Peter S. wrote:
Paul L. wrote:
Yes, unless he is matching whole words, he is stuck with regexes. There
is very likely to be a refactoring for this problem, and it would have to
start with a clear statement of the problem to be solved.
Sorry, my fault.
The problem is to match a whole bunch (>70000) of words (later regexps)
on a string.
You are not being very clear. Do you mean to match entire words, letter
for
letter, beginning to end, at least some of the time? If so, for those
cases, you can use a hash table that is preloaded with the words as
keys.
That will be fast.
For the regexps, which one hopes are in the minority, the speed will of
course go down.
But separate the two classes of tests – match whole words using a hash
for
speed.
The actual implementation is to concat the word with | and create a big
regexp. word1|word2|word3|word4 …
Yes, but you are moving ahead to implementation before stating the
problem
to be solved.
This went well until I tested with some 100 words. Now I have the ‘big
regexp problem’ problem. The solution has to work with regexps as words
as well like: word1(the|a|an)word11|regexp2|…
Also precompile the regexes before use. You probably already know this,
but
I thought I would mention it anyway.
Another option is C++, which has a readily available regexp library.
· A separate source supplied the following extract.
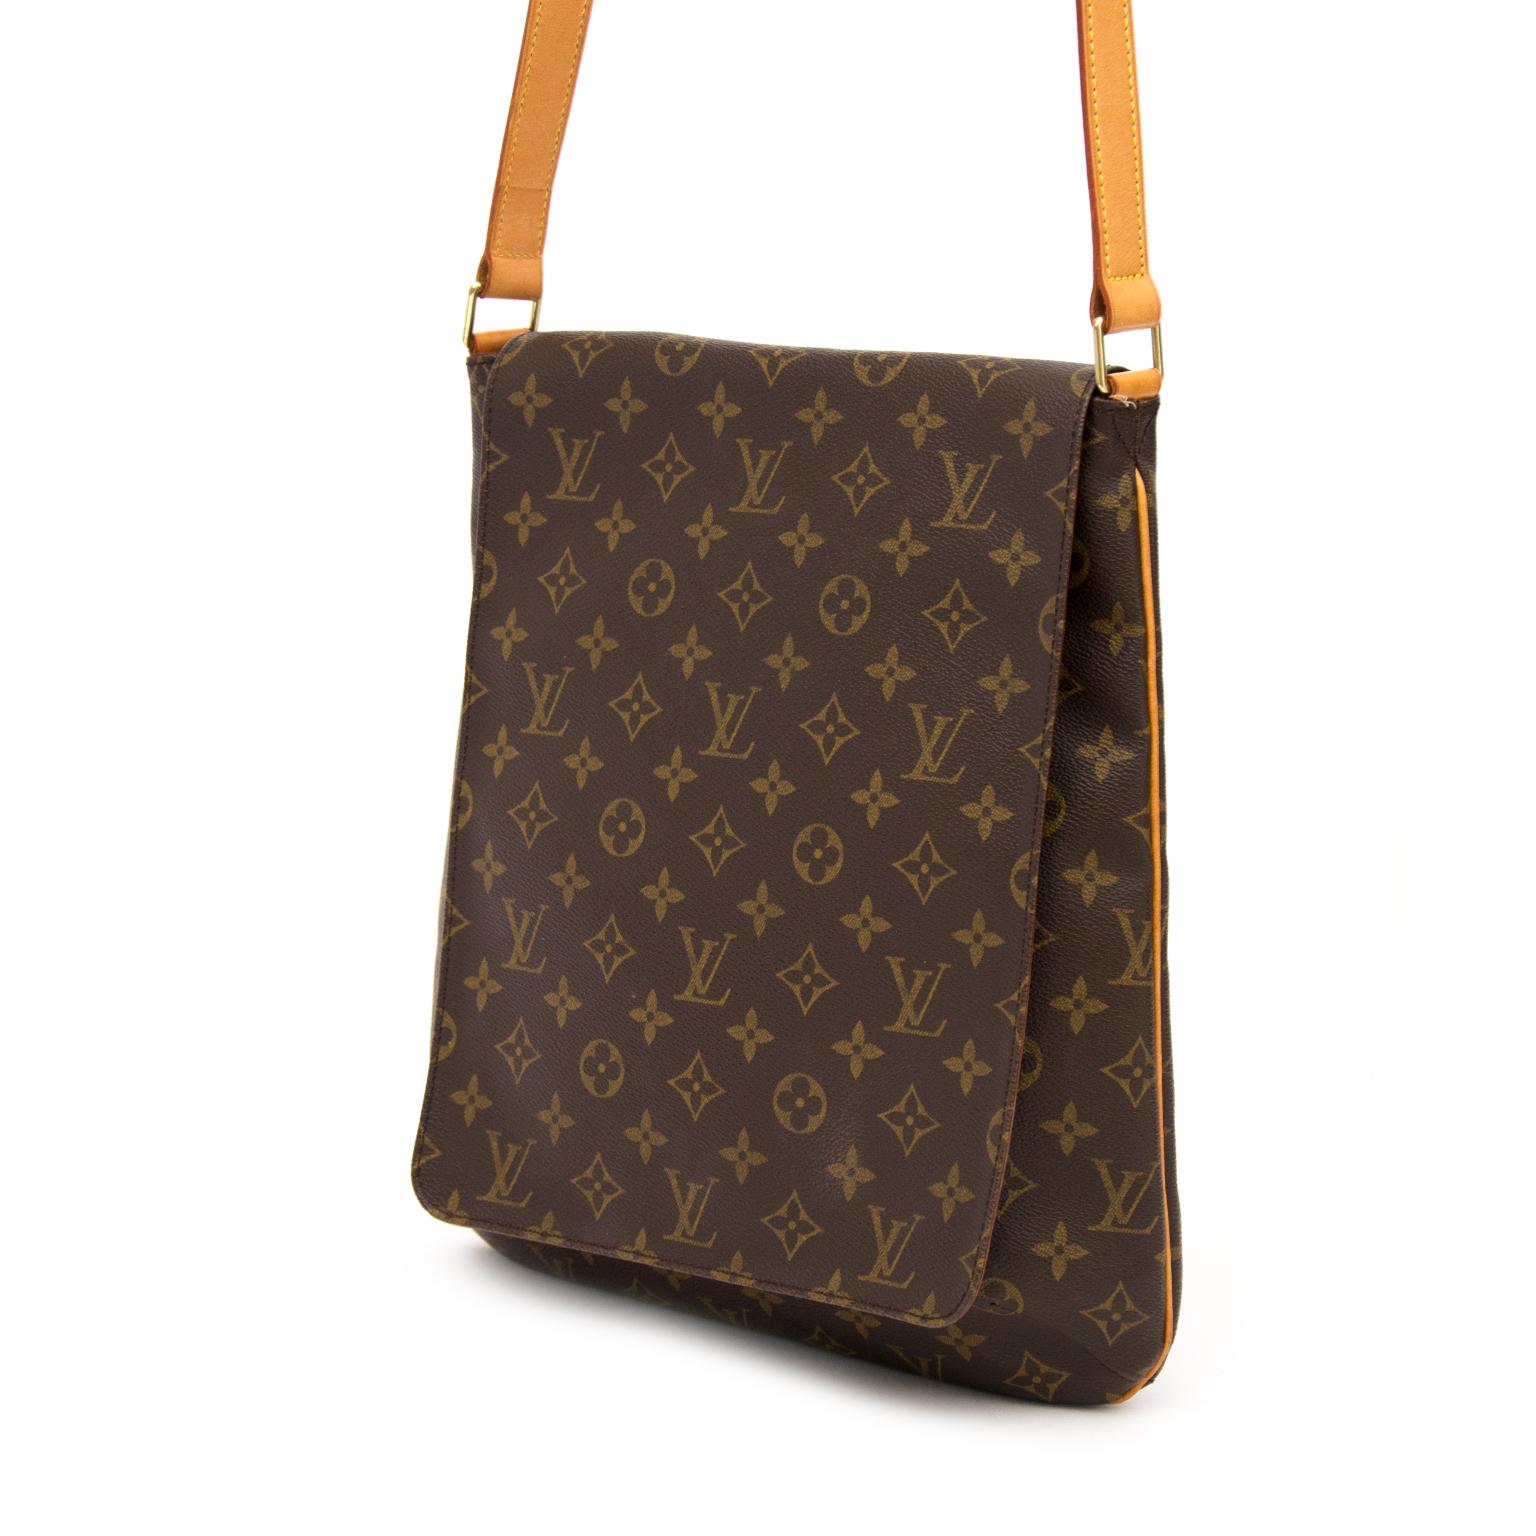 ... sac à mains Louis Wij kopen en verkopen uw designer handtassen aan de  beste prijs bij Labellov · Louis Vuitton 8f5ad87f55d

The
way
I would go about this is to design the entire thing in Ruby, then, if
the
speed was not acceptable, recreate it in C++. This gives you the
advantage
of speedy development in Ruby, followed by speedy execution.
If this is a full-on language analysis problem, you really should be
using
Prolog or Lisp anyway. If the problem really is as complex as you are
hinting at, you may not be using the right language, or even class of
language.